Would you write out the listing verbatim and skip every picture in it?

Recorded data:
⟨

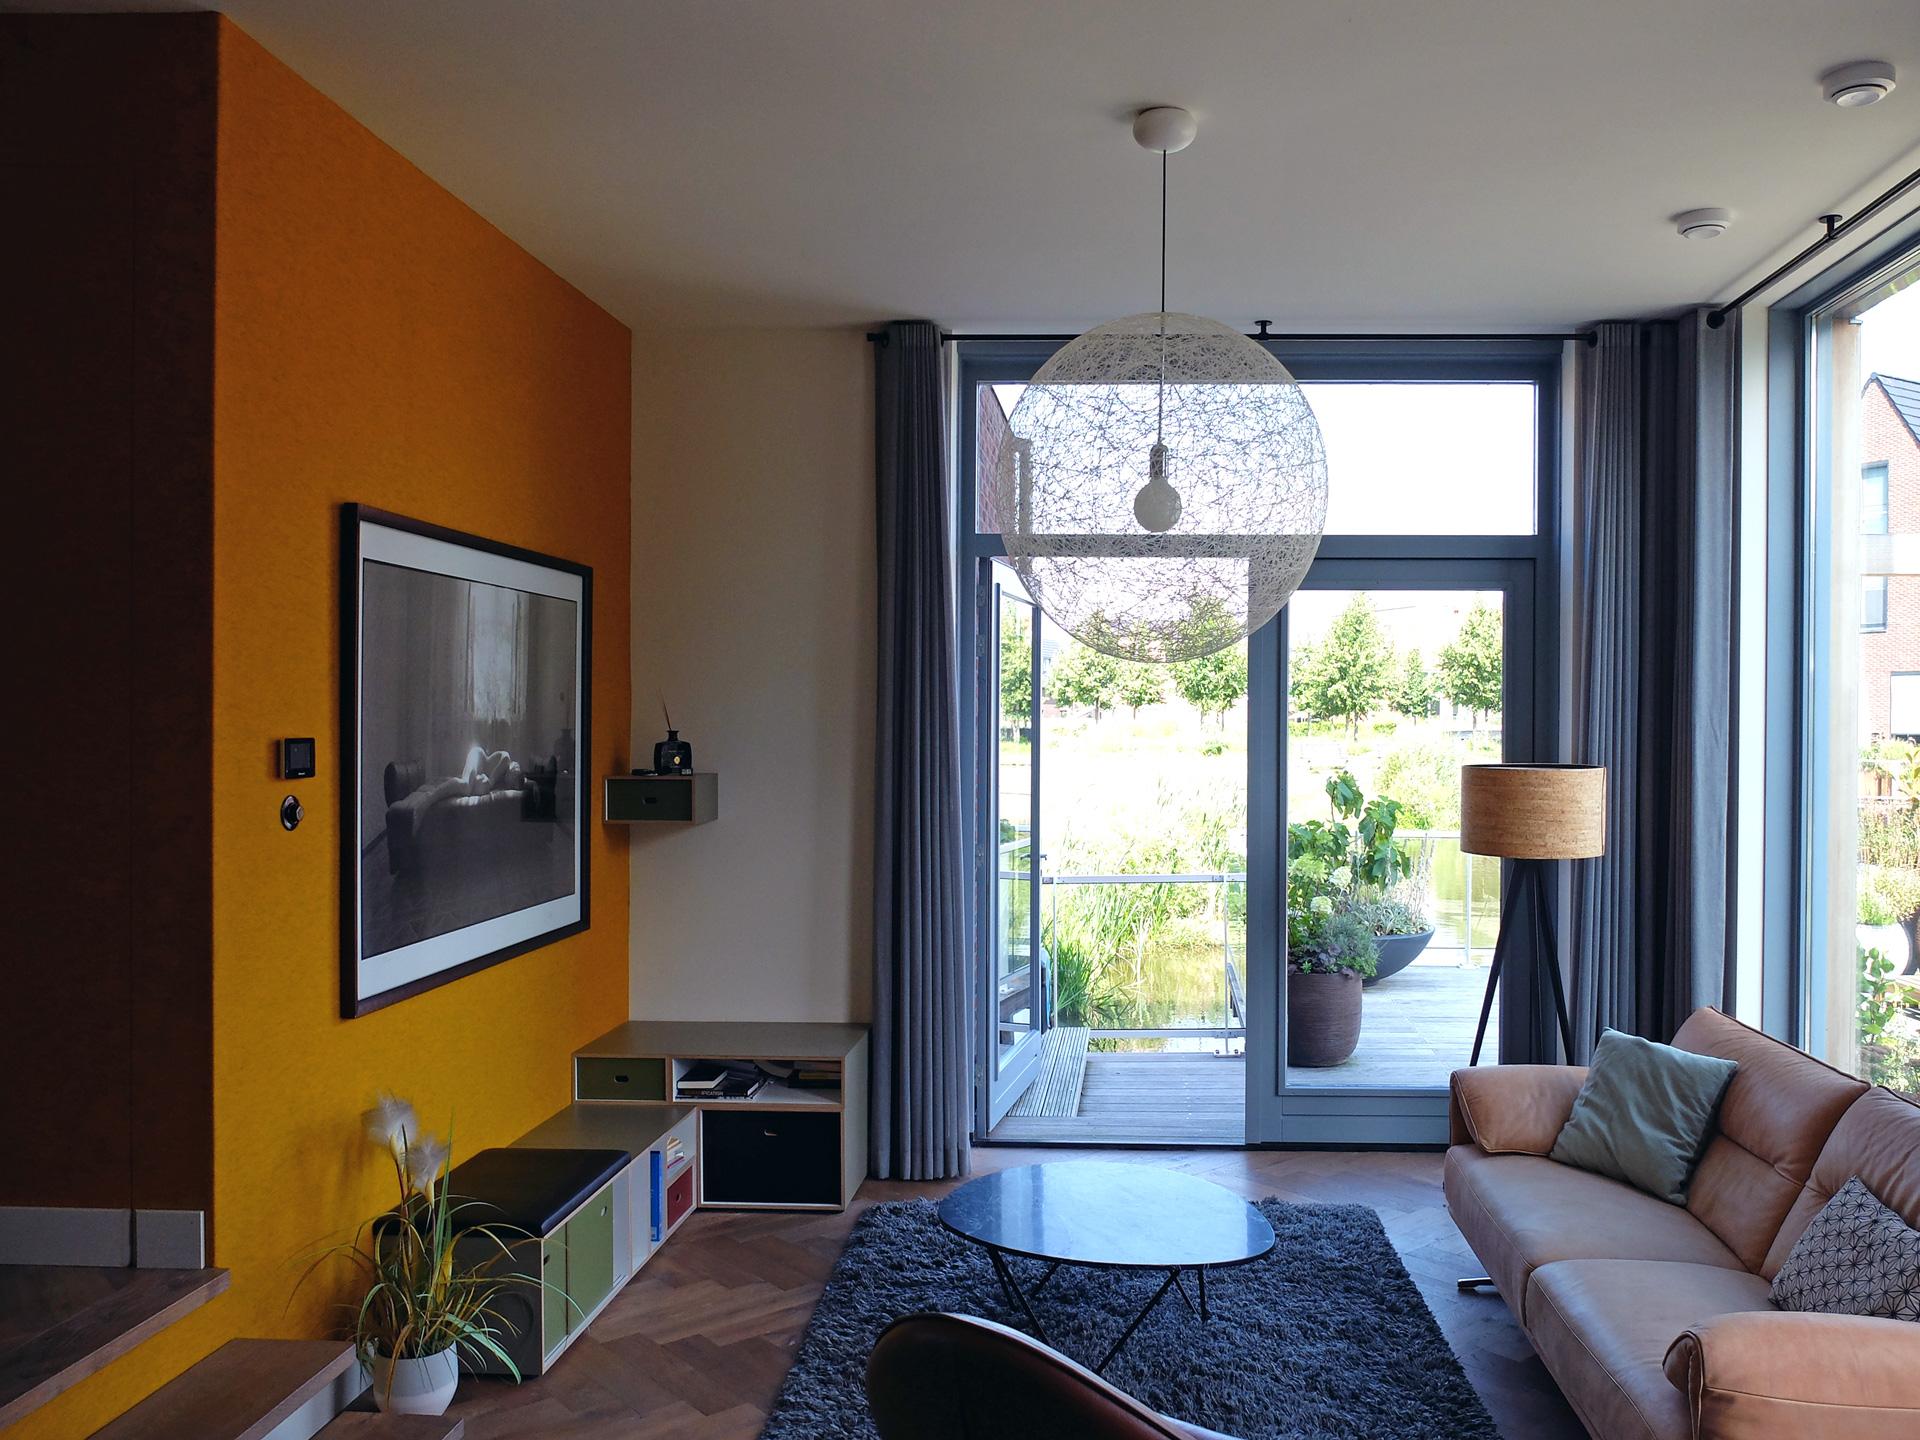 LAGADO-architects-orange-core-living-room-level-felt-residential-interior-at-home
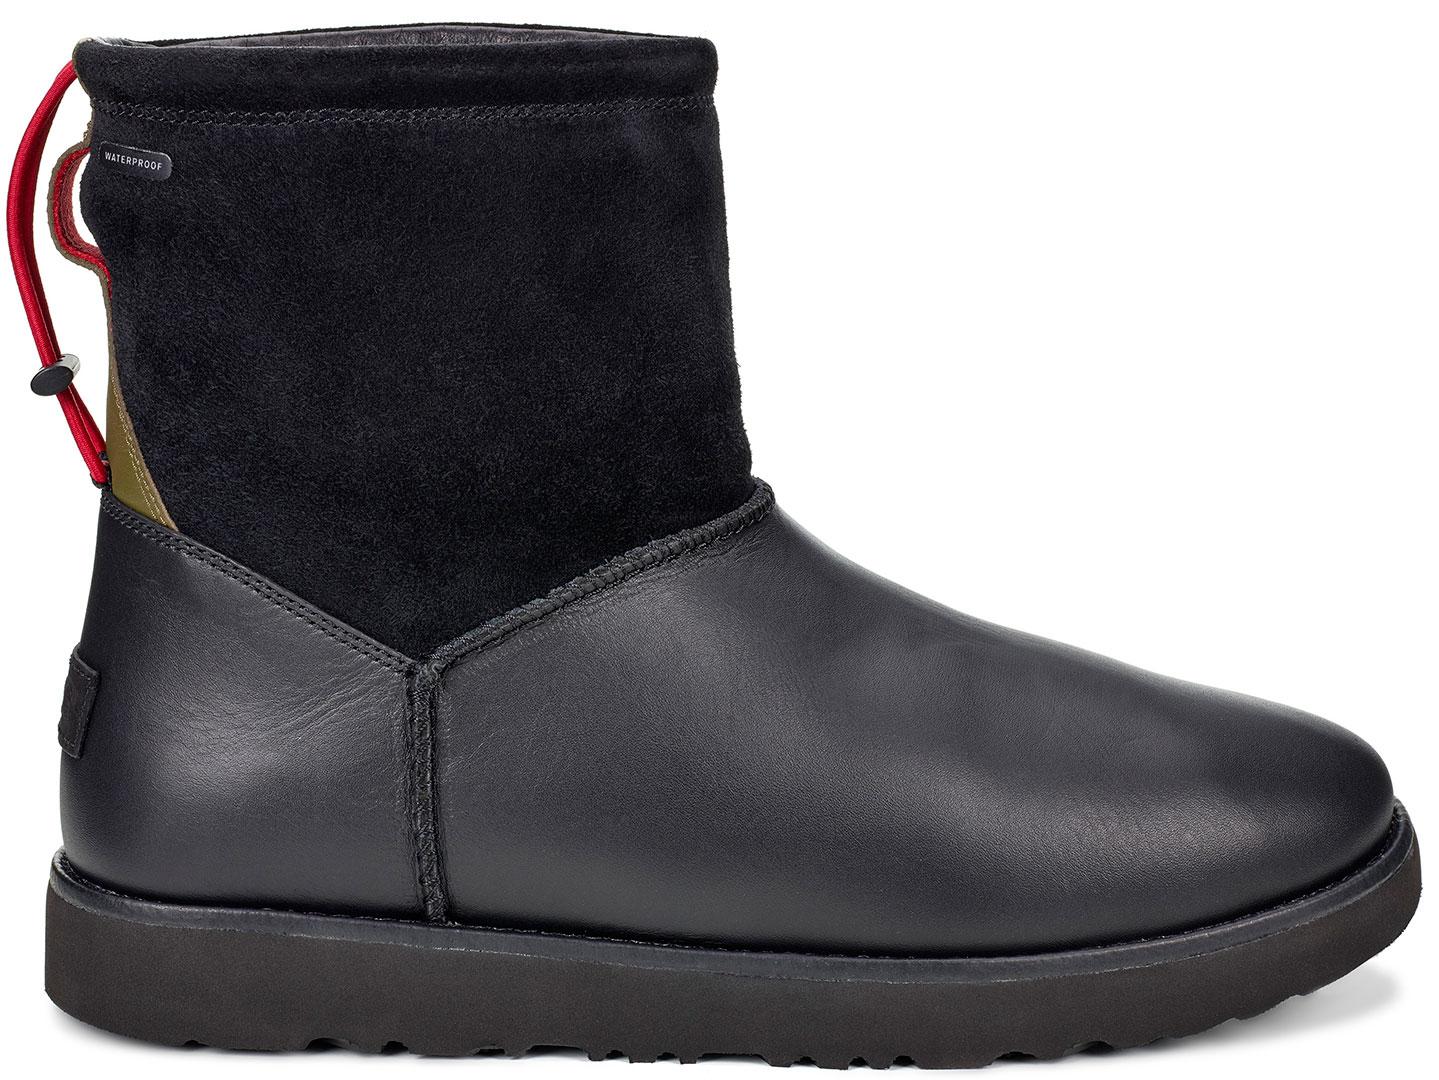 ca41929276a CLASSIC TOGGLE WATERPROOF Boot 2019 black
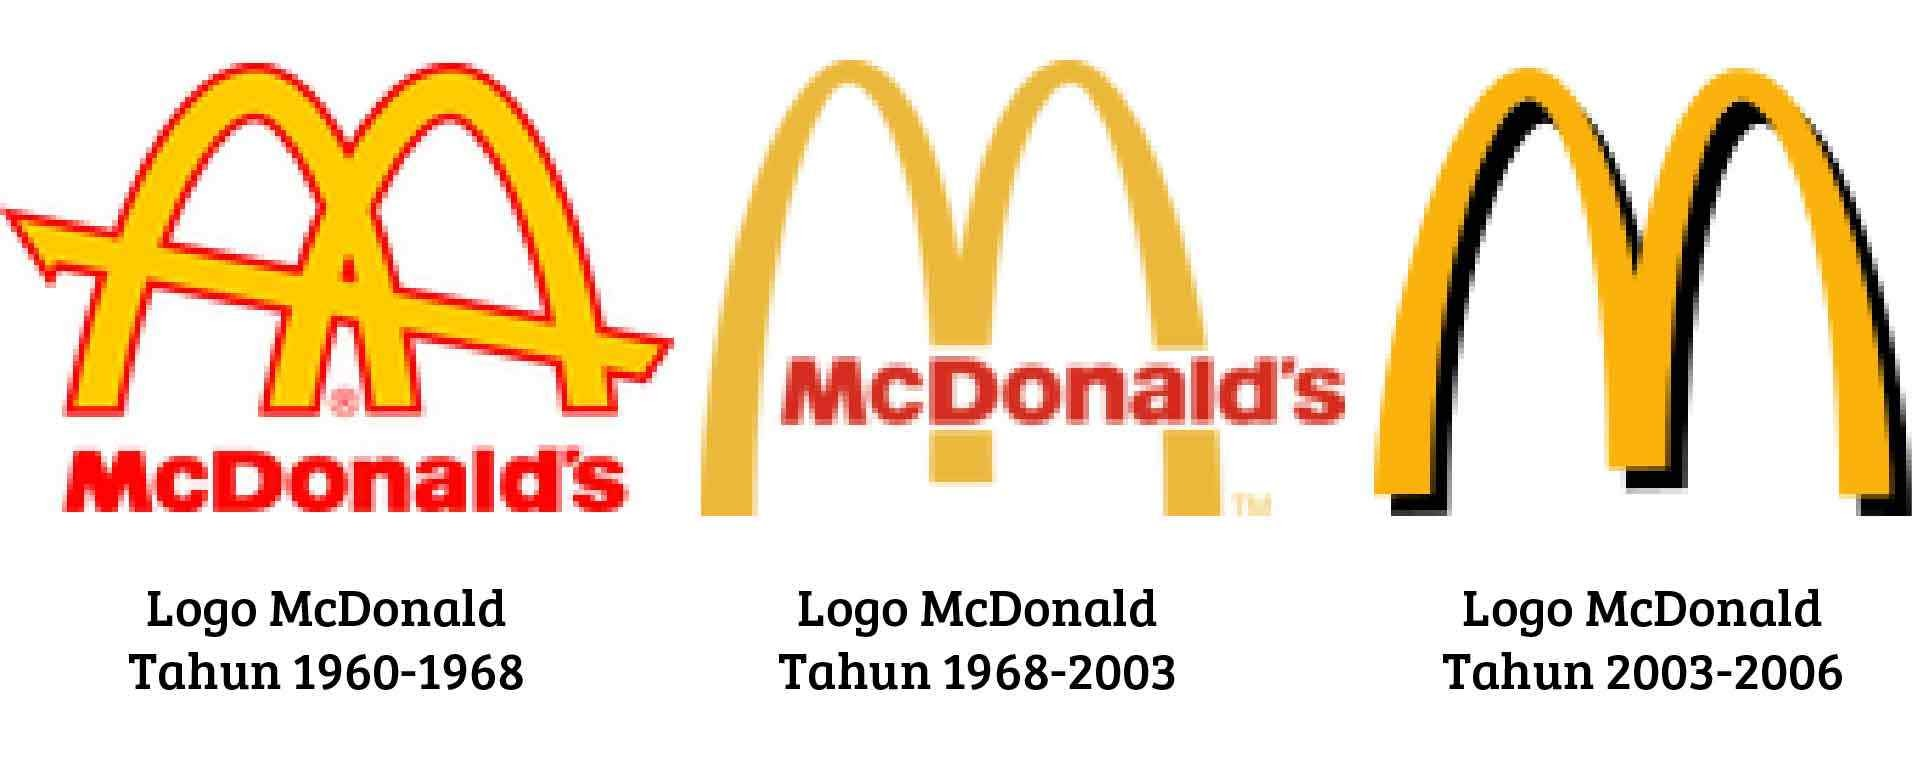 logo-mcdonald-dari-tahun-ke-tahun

⟩

Task output:
 LAGADO-architects-orange-core-living-room-level-felt-residential-interior-at-home
 ca41929276a CLASSIC TOGGLE WATERPROOF Boot 2019 black
 logo-mcdonald-dari-tahun-ke-tahun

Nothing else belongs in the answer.